Dylan walked over to the room’s other doorway, which led to the hall. “I think I want to take down this door too. The opening isn’t original to the house, and the door itself is a piece of crap.” He rubbed at his little patch of beard thoughtfully. “Maybe I’ll go with a curved arch instead of a square. You think you have the abilities for that?”

He turned to look at Chris and was surprised to be met with a glare. “Told ya I know what I’m doin’.”

“Yeah, okay. It’s just tricky, that’s all. You can buy kits and stuff, and that’s okay for the framing, but I think I’m going to look at an architectural salvage yard for the doors themselves. Find something more authentic, something decidedly unique.”

“Of course you will,” Chris said, confusing Dylan. What was his neighbor so pissed off about?

Dylan tried to smooth things over with a little babble. “I love old doors and how they have so much character. Or really, any interesting doors. My freshman year in college, I went on a trip to Barcelona—Spain—and we went on a tour of Casa Batlló. That’s a house designed by this famous architect named Gaudí, who was sort of the father of Modernism and….” As Dylan spoke, Chris’s brows had lowered and his expression had soured. Dylan let his little lecture peter out. “What?” he asked.

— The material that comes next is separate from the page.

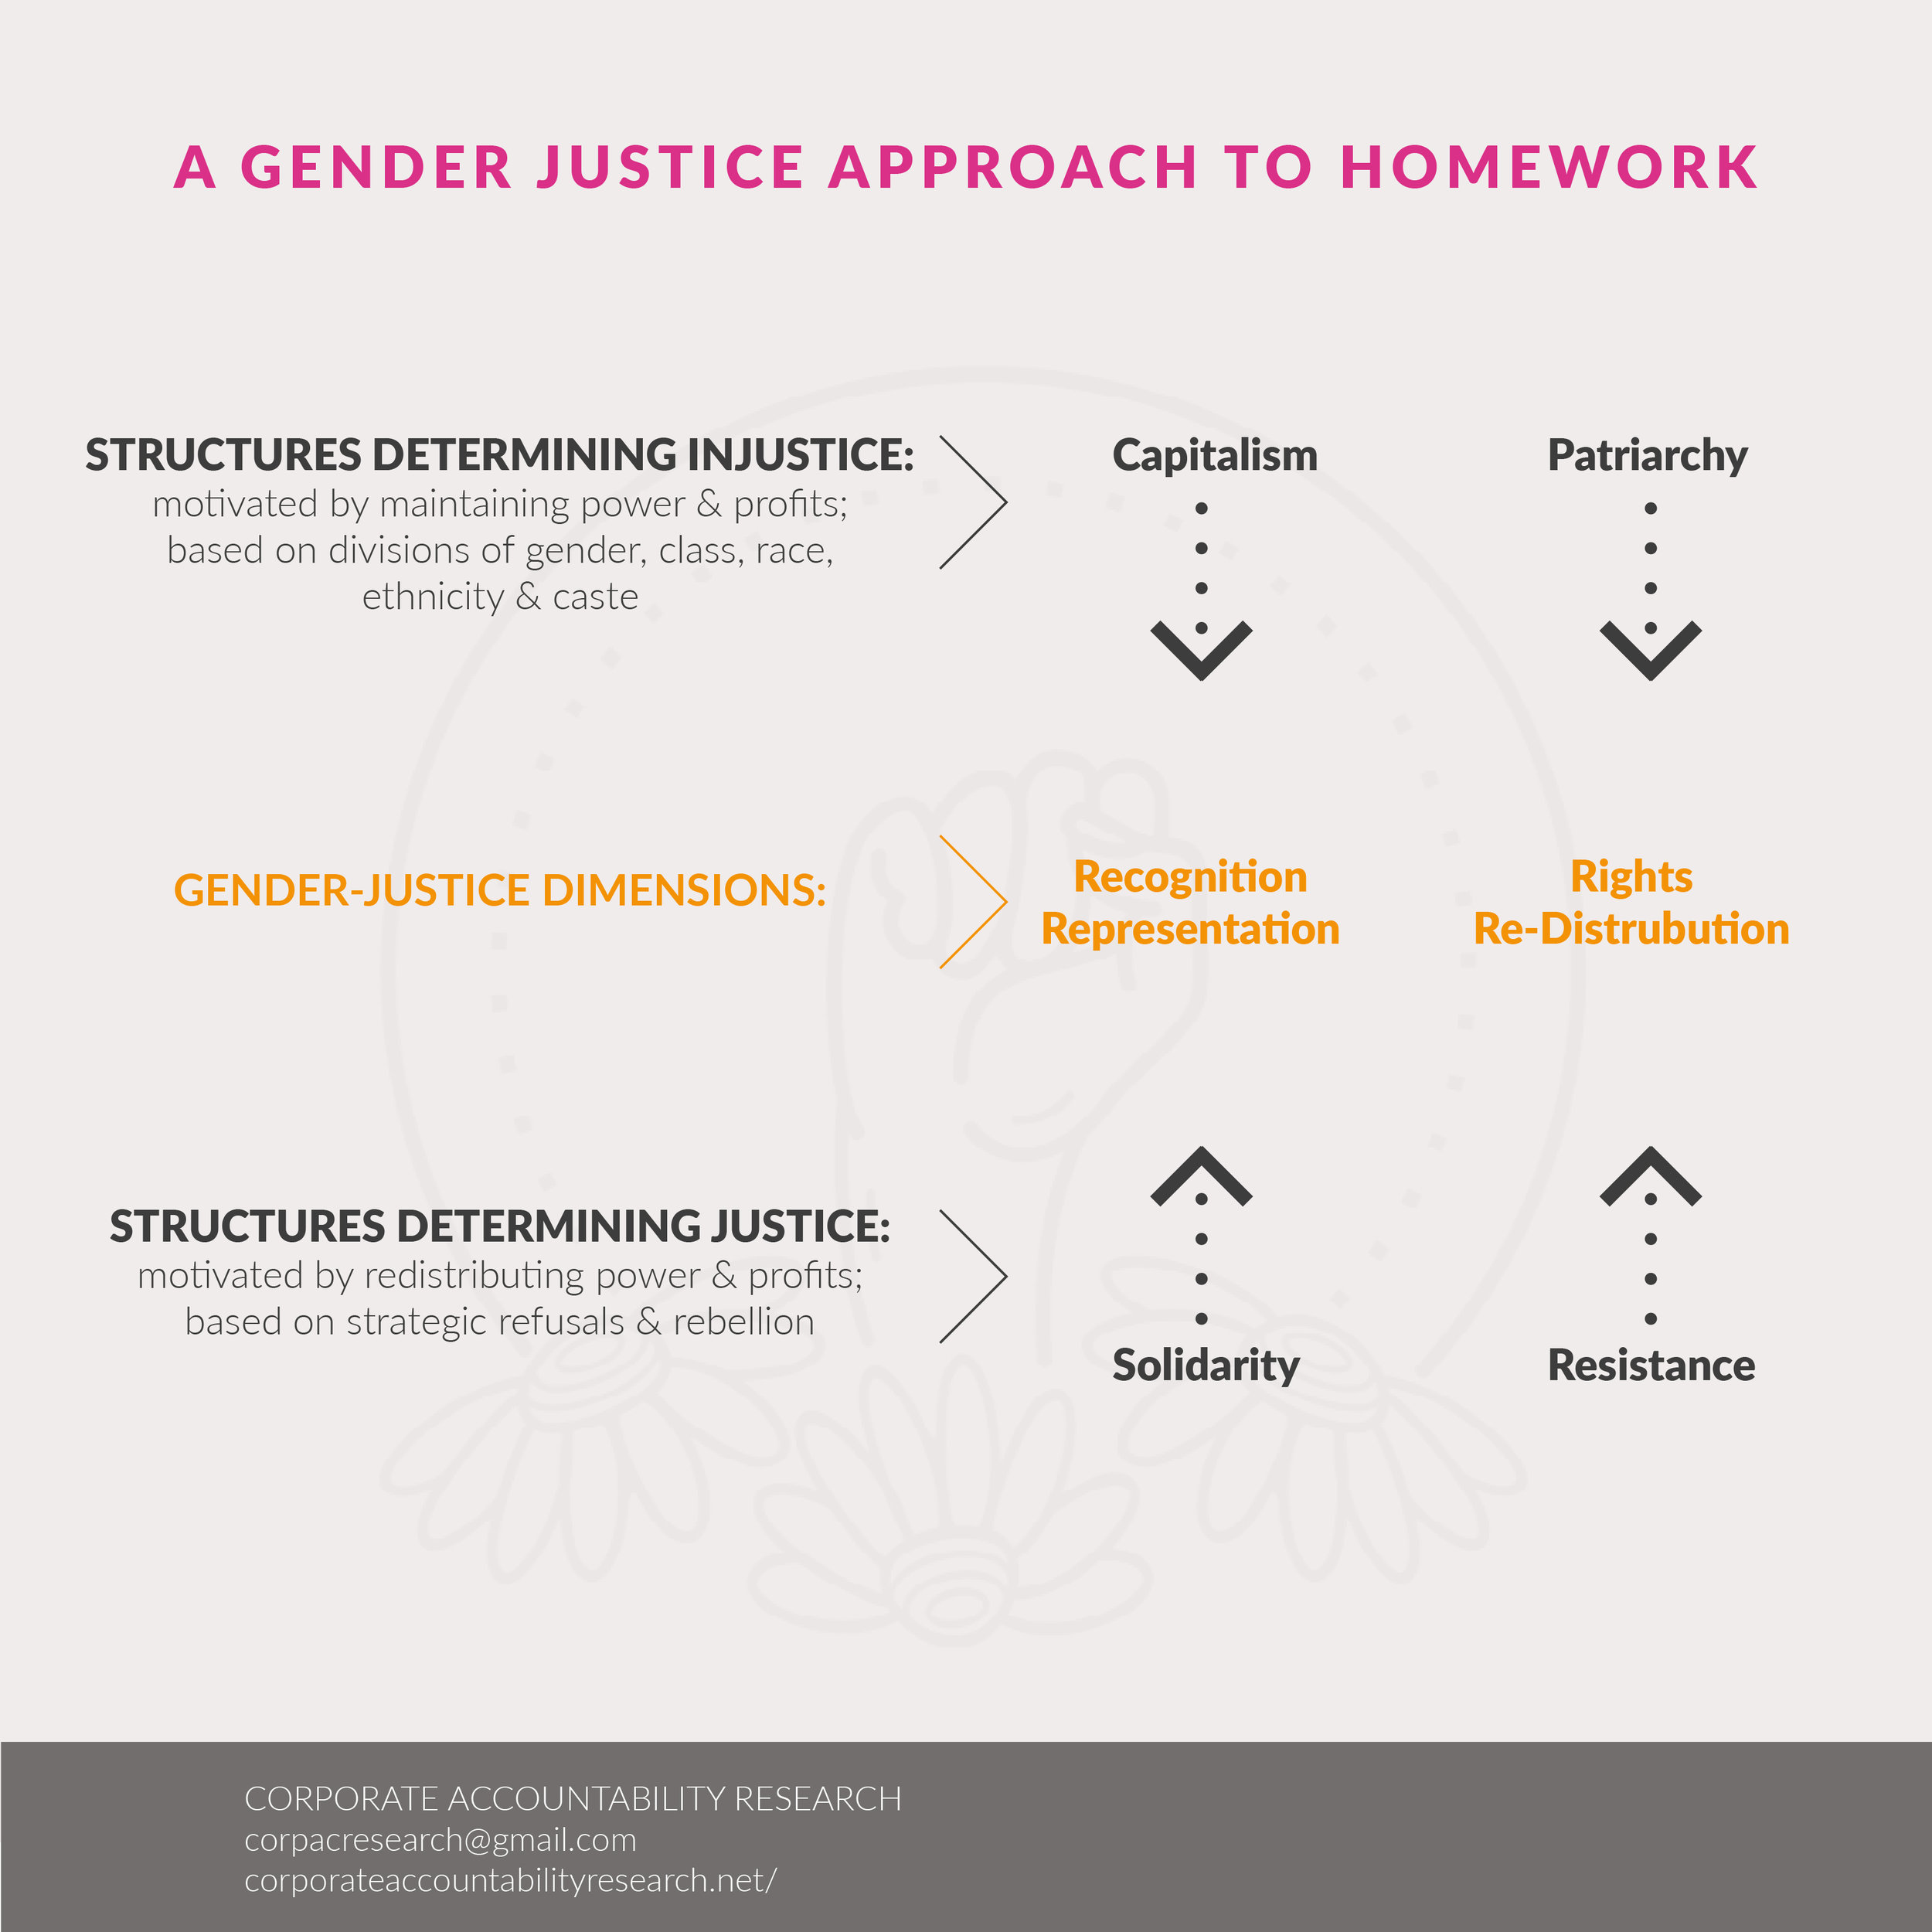 genderjusticeapproach.jpg
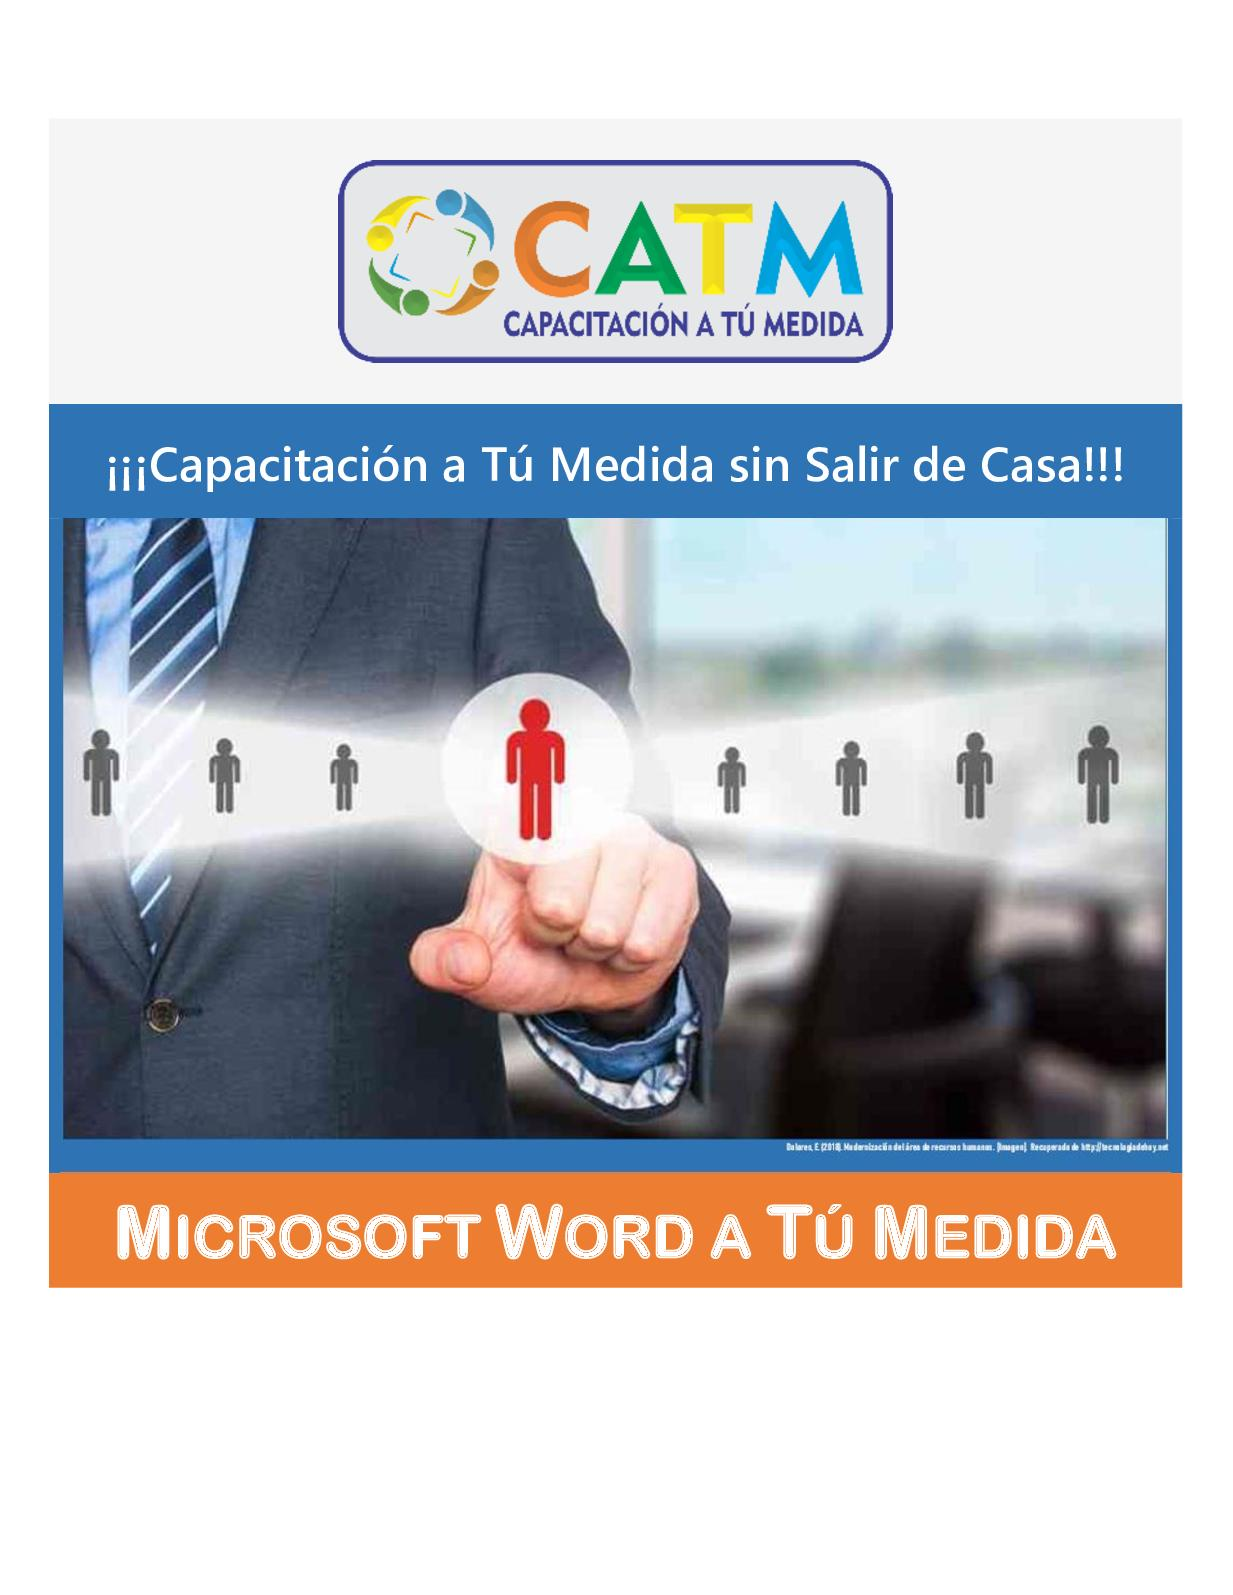 Microsoft Word a Tú Medida

“You think I’m a moron, don’t you?”

Dylan blinked at him. “Of course not.”

But Chris’s jaw muscles tightened. He looked away, then back again. “Sure you do. You think I’m an ignorant hick who ain’t never heard of nothin’ and who thinks that tractor pulls and monster trucks are high culture.”

“I don’t—”

“I
know
where Barcelona is, asshole.”

“I’m sorry,” Dylan said. “I just thought… I mean—”

“I know what you thought.”

Dylan suddenly became angry. “You know what I’m thinking. You know exactly who I am. You must be a goddamn genius. Such a goddamn genius that you live in a shack in the middle of fucking nowhere and you don’t have a real job and you can’t even find your own goddamn toilet when you need to take a piss!”

They stood there staring at each other, both breathing hard, both with their hands balled into fists. For a few moments Dylan was sure Chris was going to come closer and take a swing at him. And then it hit him—the absurdity of it all: only one other human being as far as the eye could see, and Dylan had managed to alienate him within a single day. Dylan had to laugh.

“What’s so fuckin’ hilarious?” Chris growled.

“I am. We are.” He filled his lungs deeply and let the air out, and was relieved to see Chris’s tense posture soften. “Look, I’m sorry. I’m… my people skills aren’t that great. I didn’t mean to imply anything about your intelligence, okay? And I promise not to keep assuming that living in the sticks means you’re inbred trailer trash if you’ll stop supposing that I’m an asshole just because I grew up in a place big enough for traffic lights.”